Valley retailers make final push for Thanksgiving, Black Friday
Bethany Clough/The Fresno Bee
Shop early. Shop late. Shop all night long or bring home a pile of gifts without ever leaving your car.
Black Friday shoppers this year have an unusually wide range of options as retailers step up their game in the battle to get the most shoppers into their stores.
Midnight openings are now passé as Toys “R” Us, Walmart and Sears break out the doorbuster deals at 8 p.m. Thanksgiving night for the first time. Target opens at 9 p.m.
“Black Friday is the only day that’s more than 24 hours,” said Phoenix-based retail consultant Jeff Green. “They’re just trying to get people in the stores earlier. They want to secure the sale.”
An estimated 41 million people nationwide are expected to shop on Thanksgiving Day, according to the International Council of Shopping Centers. Fifty-one percent of people who responded to the council’s survey said they would shop between Thursday and Sunday.
Black Friday is the traditional kickoff to the holiday shopping season and this year it’s predicted as the No. 1 shopping day for sales and foot traffic, according to ShopperTrak, a retail technology company.
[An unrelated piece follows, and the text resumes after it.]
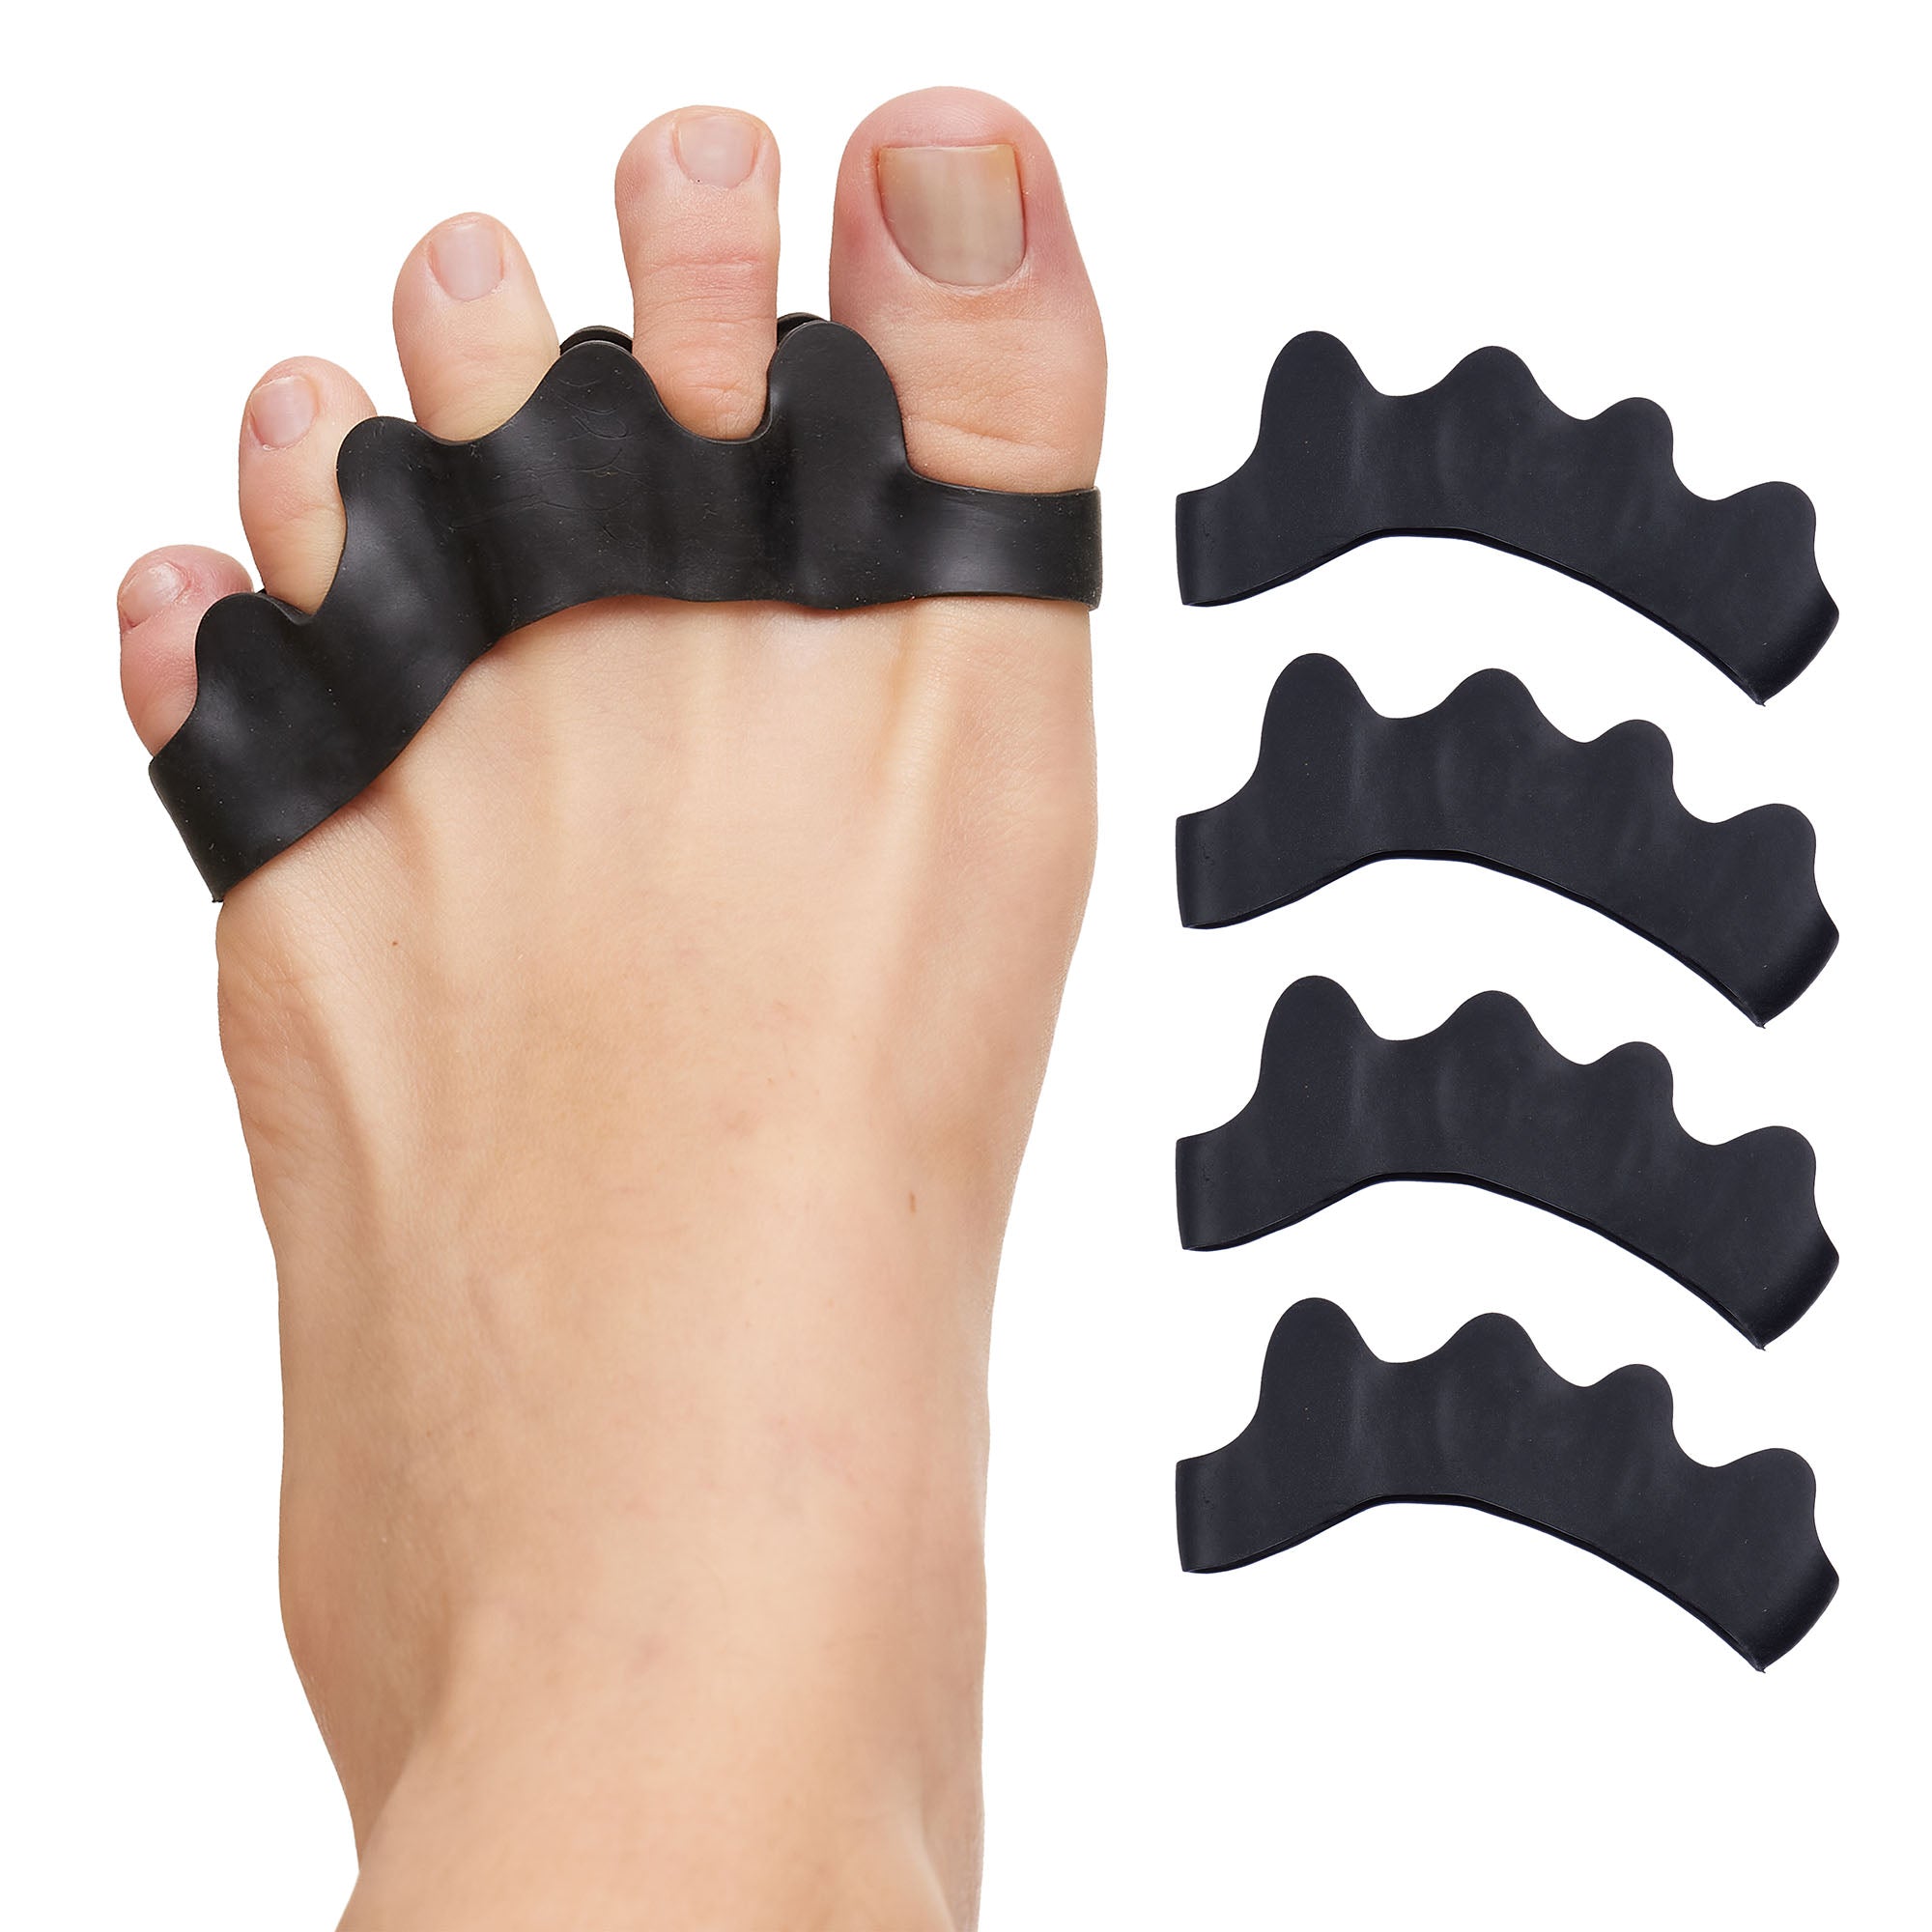 Silicone Toe Spacers for Correct Toe Alignment - 2 Pairs – ZenToes

Holiday sales are projected to grow 4.1% this year, with the average shopper expected to spend $749.51, according to the National Retail Federation. Since that’s only about $9 more than last year and with deals online well before Thanksgiving now, retailers are scrambling to attract shoppers.
The trend of opening earlier has been happening for awhile, but new this year are the waves of doorbuster deals designed to get customers into the stores Thursday night and again early Friday morning, Green said.
Walmart, for example, is open Thanksgiving Day, with doorbuster deals that people will line up for at 8 p.m. — such as the new Furby for $45 — followed by different deals at 10 p.m. and again at 5 a.m. Friday. Sears and Target have similar staggered deals.
“It really was something we heard from our customers,” said Brian Hanover, spokesman for Sears, which will have deals at 8 p.m. and again at 4 a.m. “They want more flexibility in their shopping options.”
Sears is even appealing to shoppers who hate crowds. Customers who buy online and pick up at the store have the option of texting the store while they’re on their way over. Store employees will bring the purchases to shoppers’ cars and customers never have to set foot in the store.
Retailers are increasingly offering deals online this year, and there’s more holiday sales leading up to Black Friday. And then there’s Small Business Saturday this weekend, followed by online deals on Cyber Monday and the fledgling “Mobile Tuesday,” an effort to get people to shop from their phones and other mobile devices on Tuesday.
The shopping events now take up more days than many people have off for the holiday. And some are fed up.
Friends Tina Cuadros, 19, of Fresno, and Michelle Miramontes, 18, of Madera, have sworn off Black Friday.
“I’d rather just shop some other day when the mall is not bad,” Cuadros said at River Park this week.
With so many sales happening early, Miramontes said her family found the same price on a 70-inch TV at Costco that they would have had to line up for at Walmart.
Retail workers are pushing back against Black Friday, too. Some Walmart workers walked off the job earlier this week or are refusing to work as a protest against what they say is Walmart’s silencing of workers demanding better pay, health care and working conditions.
An online petition started by a Target worker complains that the early opening is taking away from time spent with family on Thanksgiving. More than 365,000 people have signed the petition asking Target to “save Thanksgiving.”